24 April 2020: The North Atlantic Council reflects that the prospect of the start of negotiations to reach a comprehensive peace agreement in Afghanistan represents an historic opportunity to end the decades-long conflict. The Allies call urgently upon Afghanistan’s political leaders and their supporters to come together to resolve their differences and form an inclusive government, while also calling on the Taliban to reduce violence and create the conditions conducive to commence negotiations.
14 July 2020: The North Atlantic Council calls on all parties to rapidly resolve the remaining issues still precluding the start of inclusive intra-Afghan negotiations, and reflects that levels of violence, driven especially by Taliban attacks on Afghan security forces, remain unacceptably high.
12 September 2020: NATO Allies welcome the start of intra-Afghan peace negotiations, announced at a ceremony in Doha. They urge the Afghan government and the Taliban to fulfil their commitments to working towards a comprehensive peace agreement.
14 April 2021: The Allies decide to start the withdrawal of RSM forces by 1 May and complete it within a few months.

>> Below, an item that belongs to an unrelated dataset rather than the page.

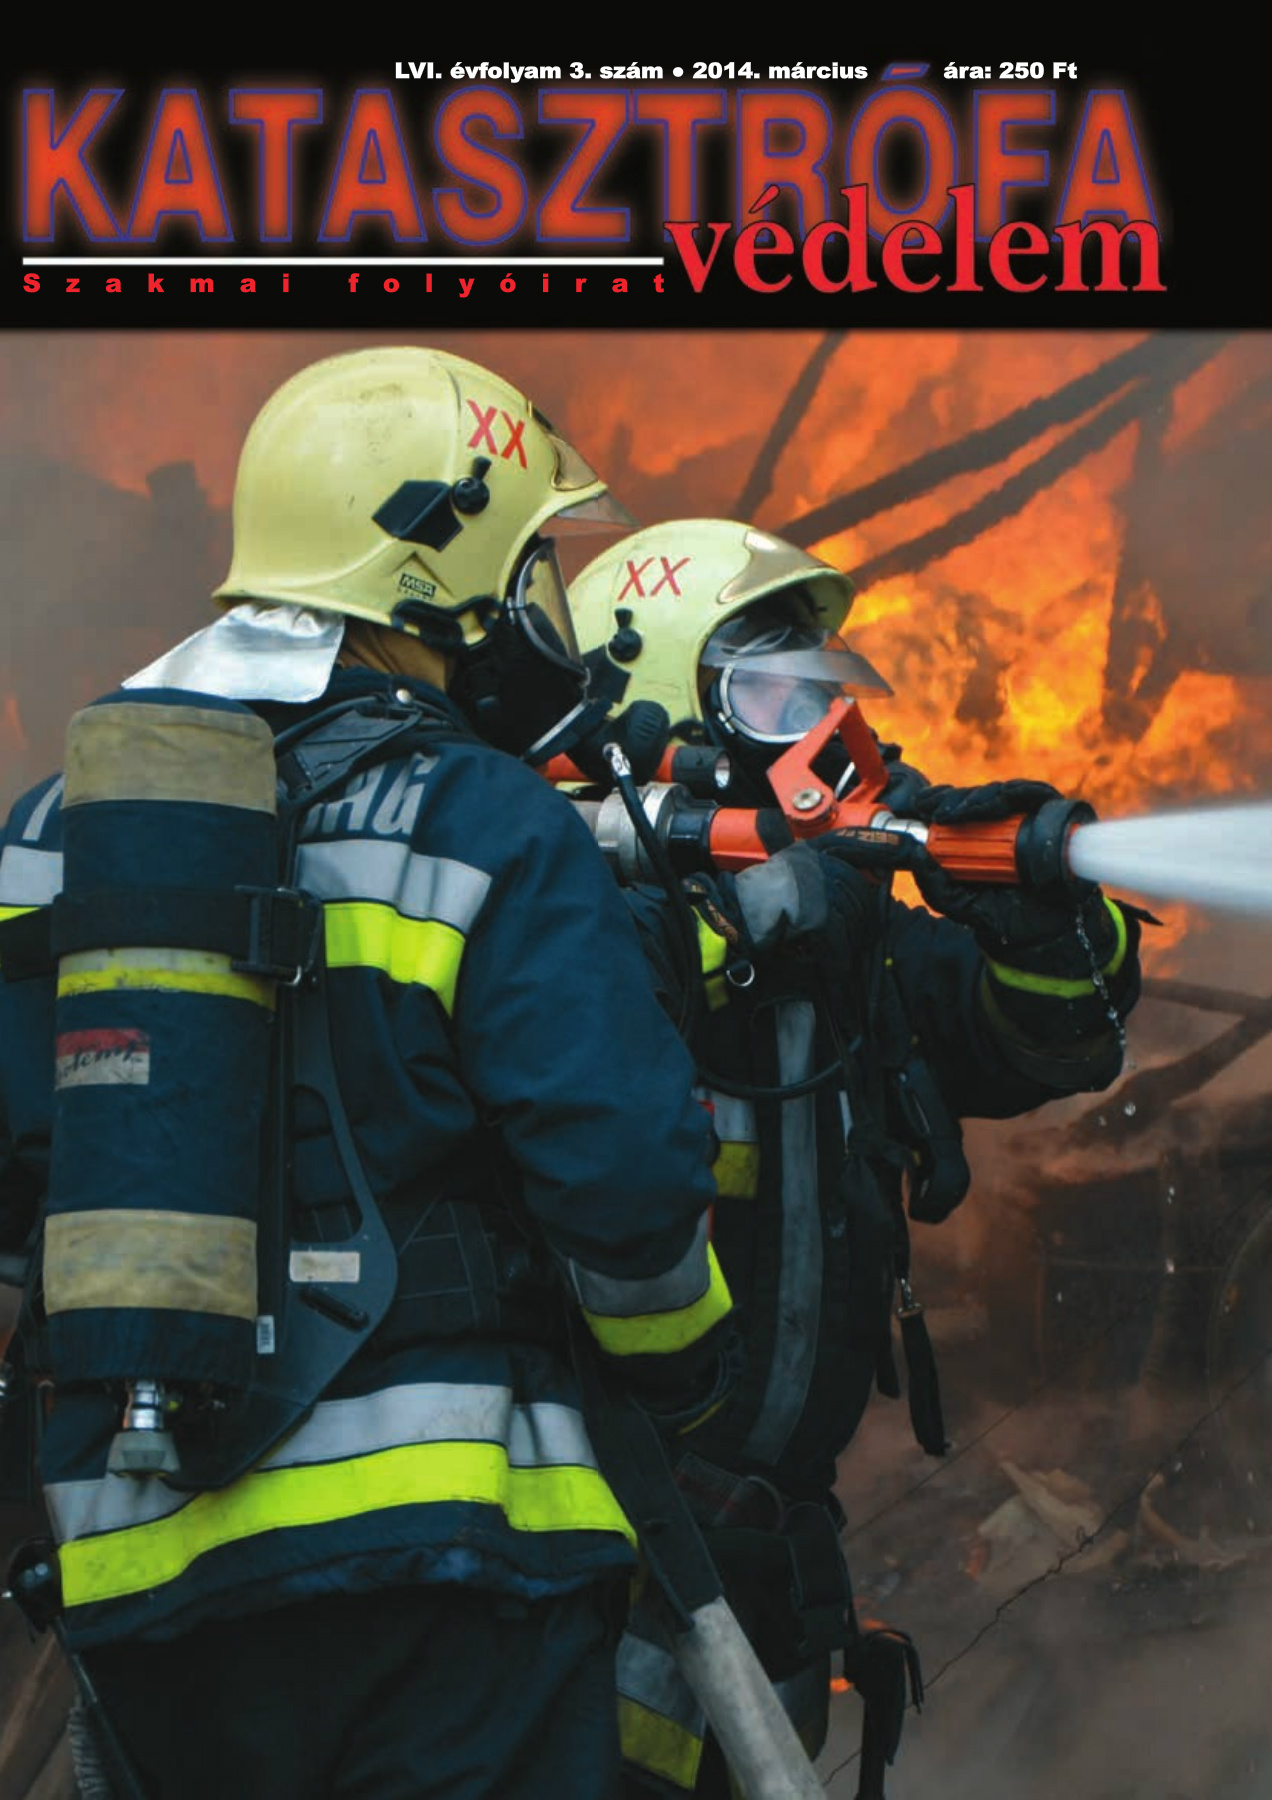 A Katasztrófavédelem magazin LVI. évfolyam 3. szám megtekintése

14 June 2021: At the Brussels Summit, Allied Leaders reconfirm the decision to withdraw the military presence, while remaining committed to providing training and financial support to Afghan security forces and institutions, and maintaining the Senior Civilian Representative's Office in Kabul to continue diplomatic engagement with Afghanistan. They also commit to ensuring the continued functioning of Hamid Karzai International Airport to maintain Afghanistan’s connection to the rest of the world. Allies also reiterate their support to the Afghan-owned and Afghan-led peace process.
August 2021: Following the collapse of the Afghan government and the Afghan National Defence and Security Forces, NATO focuses on ensuring the safe departure of personnel from Allied and partner countries, and NATO-affiliated Afghans. Thanks to Allies’ joint efforts, around 2,000 Afghans who worked with NATO, and their families, are evacuated from Kabul as part of the largest evacuation mission in NATO's history. NATO works around the clock to coordinate evacuations, and NATO Senior Civilian Representative Ambassador Stefano Pontecorvo and his staff play a key role to this effect. Over the course of two weeks, more than 120,000 people are flown out, on hundreds of Allied flights. Troops from the United States, the United Kingdom, Turkey and Norway play a key role in securing the airport and operating a field hospital, while around 800 NATO staff maintain key operations such as fuelling and communications. Following the end of the evacuation, all areas of cooperation with Afghanistan are suspended.
Autumn 2021: NATO launches Operation Allied Solace to assist with the resettlement of NATO-affiliated Afghans and their families. Allied troops from the NATO Response Force’s Task Force Noble help relocate evacuees to temporary staging areas in Germany, Poland and Kosovo, and onwards to resettlement in several Allied countries. NATO Allies and partners continue to work together to help evacuated Afghans start a new life. Throughout the autumn, 80 former Afghan employees and their families are resettled in Norway, more than 100 in the United Kingdom, around 100 in Germany, 20 in Iceland and several hundred more in other Allied countries.
December 2021: NATO Foreign Ministers discuss the lessons learned from the Alliance’s engagement in Afghanistan, reviewing a comprehensive political and military assessment that outlines key conclusions and recommendations.